It seems that in every creative writing class I take, Eudora Welty’s name is invoked. The woman had a lot to say about writing. A quick search on the internet will give you hundreds of thousands of hits of her advice despite the fact that she died over 15 years ago. She is, without a doubt, one of the best remembered and most often quoted southern writers of the 20th century. She was primarily a short story writer although her novel The Optimist’s Daughter won the 1973 Pulitzer Prize. From Humanities magazine, as quoted in The Atlantic:

Her three avocations—gardening, current events, and photography—were, like her writing, deeply informed by a desire to secure fragile moments as objects of art. …She appears to see the people in her pictures as objects of affection, not abstract political points. …What Welty seems to say, without quite saying so, is that the best pictures and stories cannot simply reduce the creatures within their spell to specimens. True engagement requires a durable sympathy with the world.

The Optimist’s Daughter is a quiet novel. It builds slowly, like the logs of a fire stacked with precision and lit with kindling, first on one side, then another, then another, until finally the coals in the center are hot enough to engulf the pile into a steady, even flame, perfect for cooking. Welty’s prose is sharp and meaningful and filled with subtleties often missed on a first reading. Laurel, the titular character, barely speaks, barely even acknowledges her opinions to herself, but she is a strong character, little affected by the behavior of those around her. In contrast, her father’s new wife Fay constantly complains. Despite her physical stature and age (Fay is no older than forty, and so younger than Laurel), Fay tries to dominate every conversation. She succeeds only in evoking pity from the other characters, who ignore her until she seems likely to cause real harm. Even then, she is disciplined like a spoiled child.

In a first reading of the novel, the reader grows to despise Fay, to wish to see Laurel stand up to the woman. In a second reading, one comes to realize that Fay is only a nuisance. She is pitiable, pathetic, and in ignoring her, the other characters do her a bigger injustice than confronting her verbally or physically.Book on a piano stand Optimist's Daughter Eudora WeltyWhat is so fascinating about the book is how Welty weaves so many busy characters around Laurel, who seems to be a solid rock in a swirling atmosphere, giving little away of her own personality and emotions. It is a perfect examination of the grieving process. Laurel, the stoic, puts aside her emotions until it is convenient and useful for her to confront them—that is, after her father’s death and subsequent services. She mirrors her father’s actions at the end of his life: she is steady, calm, unmoving even. She lets show very little of her true feelings.
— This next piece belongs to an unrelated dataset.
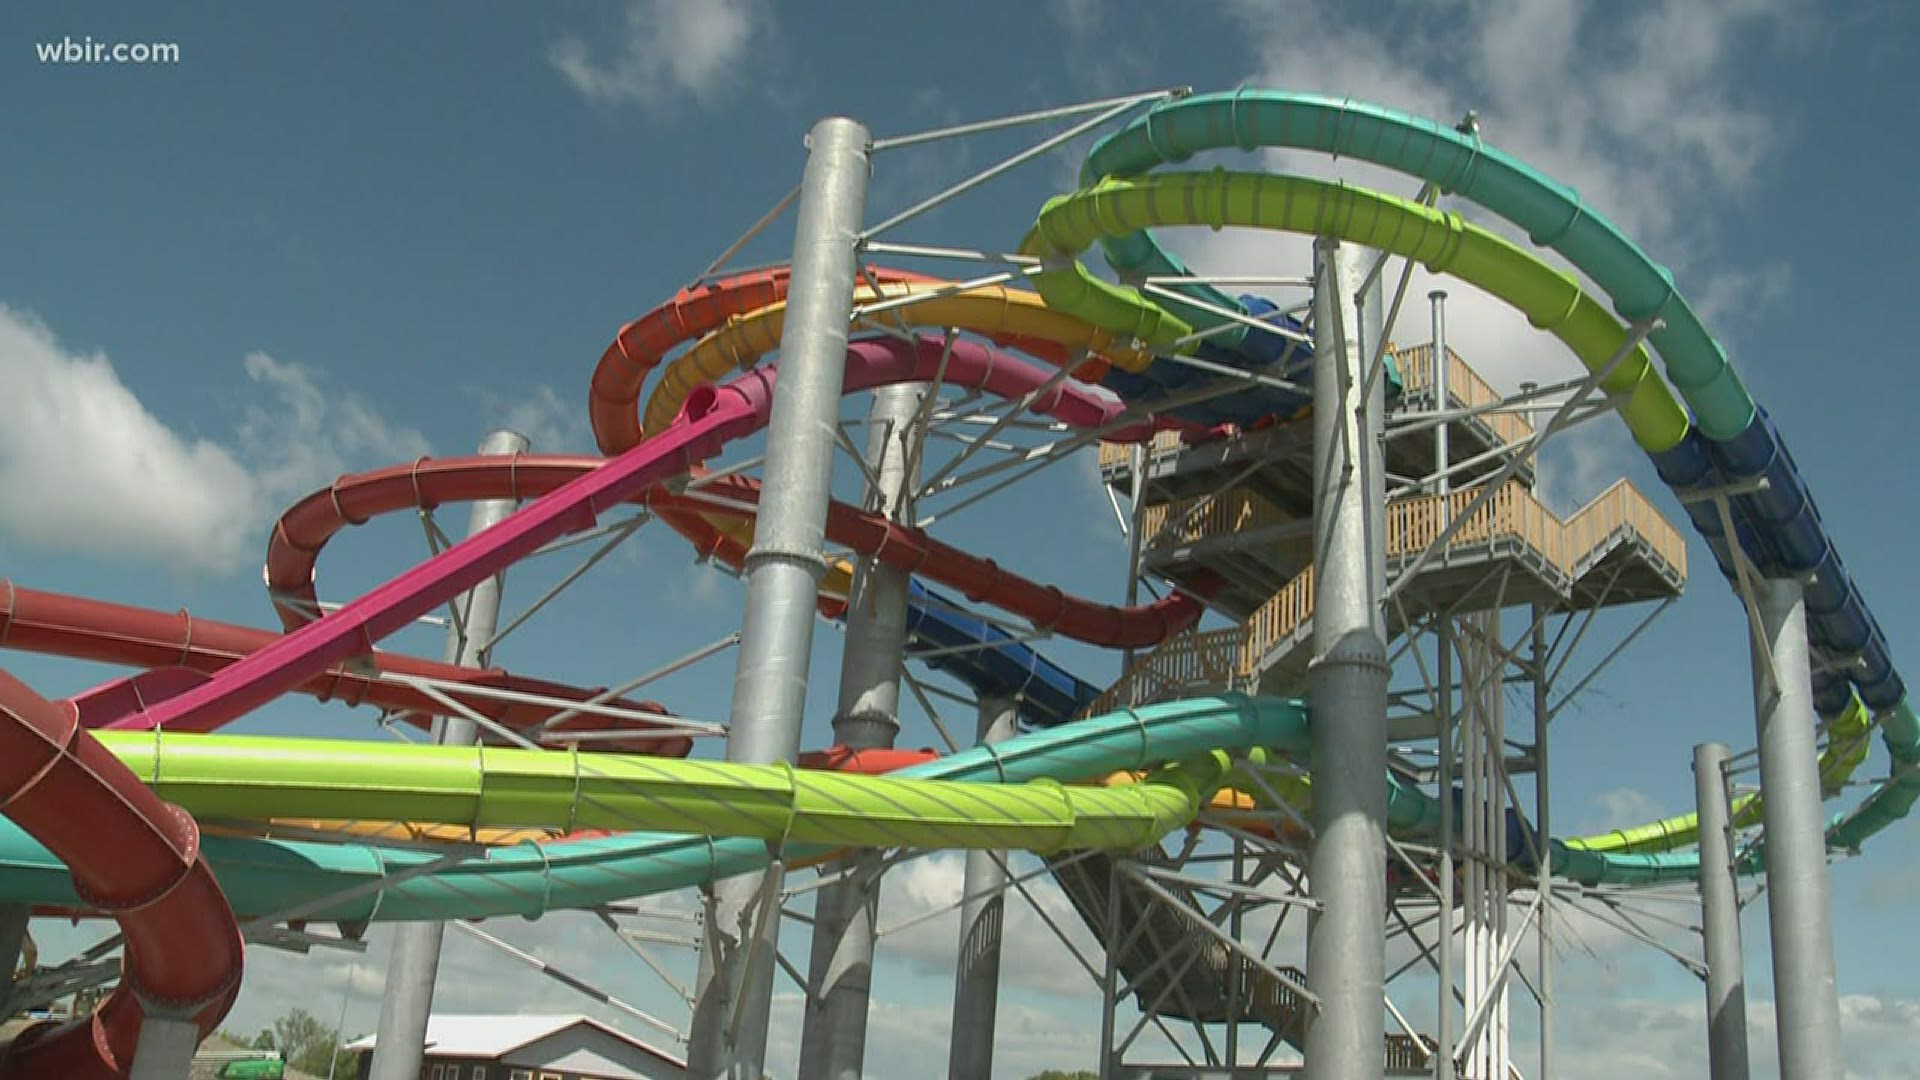 Work on the Smoky Mountain Water Park is almost finished, but there's no opening date because of the coronavirus.

Fay, Laurel’s foil, throws herself into grieving, ensuring that all around her know how forlorn and depressed she is at the death of her new husband. Laurel seems content to allow Fay anything she pleases, handing over her childhood home and all the furniture and items contained inside it without any fight—or any desire to fight. Fay, on the other hand, thrives on drama. She tries to goad Laurel into taking action against her, but is surprised and frustrated when she meets no resistance.

What resonated with me most about Welty’s The Optimist’s Daughter was how she created a story around a narrator who is nearly absent in personality and action for three-quarters of the novel. It seemed at first like a flaw in the writing. So often we as writers are told that a passive main character makes a boring story, that your main character must take action to drive the plot, not allow the plot to happen to them. But Welty’s novel takes the opposite approach. If anything, her story explores Laurel’s inaction, which leads to her emotional growth. Even at the climax, as Laurel becomes angry at how scarred her mother’s old breadboard is from Fay’s misuse and raises it to strike Fay, she ultimately decides that her action, even the breadboard itself, is meaningless. That this woman who has infiltrated her life is unimportant, just like their house, her mother’s saved letters, the myriad tragedies their family has experienced. What she recognizes as important is the human ability to heal, and that only unburdened of the past can we heal completely. “Memory lived not in initial possession but in the freed hands, pardoned and freed, and in the heart that can empty but fill again, in the patterns restored by dreams” (Welty, 179).